PROFESSOR SCHIFF’S GUILT, by Agur Schiff. Translated by Jessica Cohen.


Near the end of “Professor Schiff’s Guilt,” by the Israeli novelist Agur Schiff, a special investigator of an unnamed African country disparages the very novel we are reading. “There are three elderly white men in your book,” the investigator tells the author’s stand-in — also a novelist and professor named Agur Schiff. All three men are well-off, the investigator says. All three fall in love with Black women who are “inferior, primitive and narrow-minded.” The resulting manuscript is “insulting,” he concludes.

It’s the kind of self-referential shtick a writer might use to fend off imagined critics. But flagging the underlying problems of a book doesn’t absolve a writer from meaningfully engaging with them. Weighty issues are everywhere in this novel: the legacy of slavery, labor migration, class, race and privilege. They often come up, though, in crude dialogue, implausible scenes or in rhetorical questions that take on the veneer of moral argument without the contorted novelistic work of making them come alive through believable characters. (“What’s wrong with being a migrant worker?” one well-heeled Tel Avivian asks her husband. “They’re taking jobs from people who live here,” he replies, predictably.)

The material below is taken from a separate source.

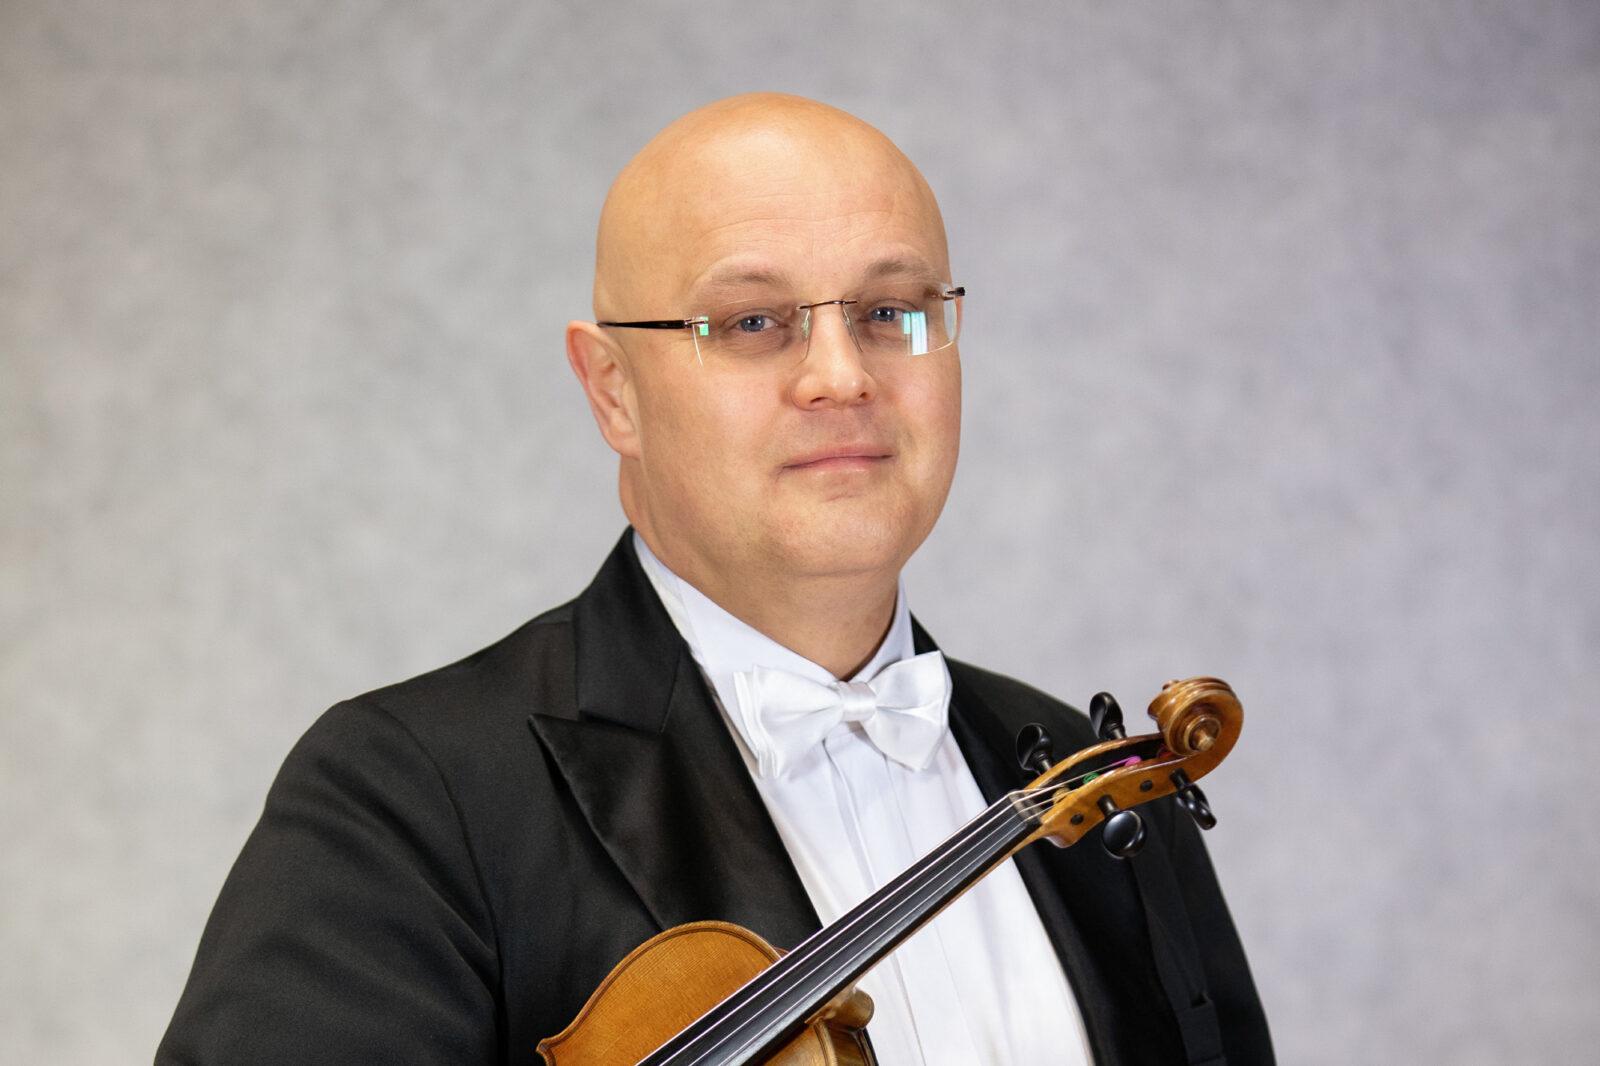 Maciej Rysak

Professor Schiff, who narrates parts of the novel, is a disgruntled writer in his 60s whose marriage has plateaued. One day he comes across a news article that mentions the discovery of a merchant ship owned by his “grandfather’s grandfather’s grandfather,” a 19th-century slave trader named Klonimus Schiff. The narrator decides to embark on a journey to West Africa — to “a sad country, where people are always smiling” — to buy up what he can of the ship’s remnants.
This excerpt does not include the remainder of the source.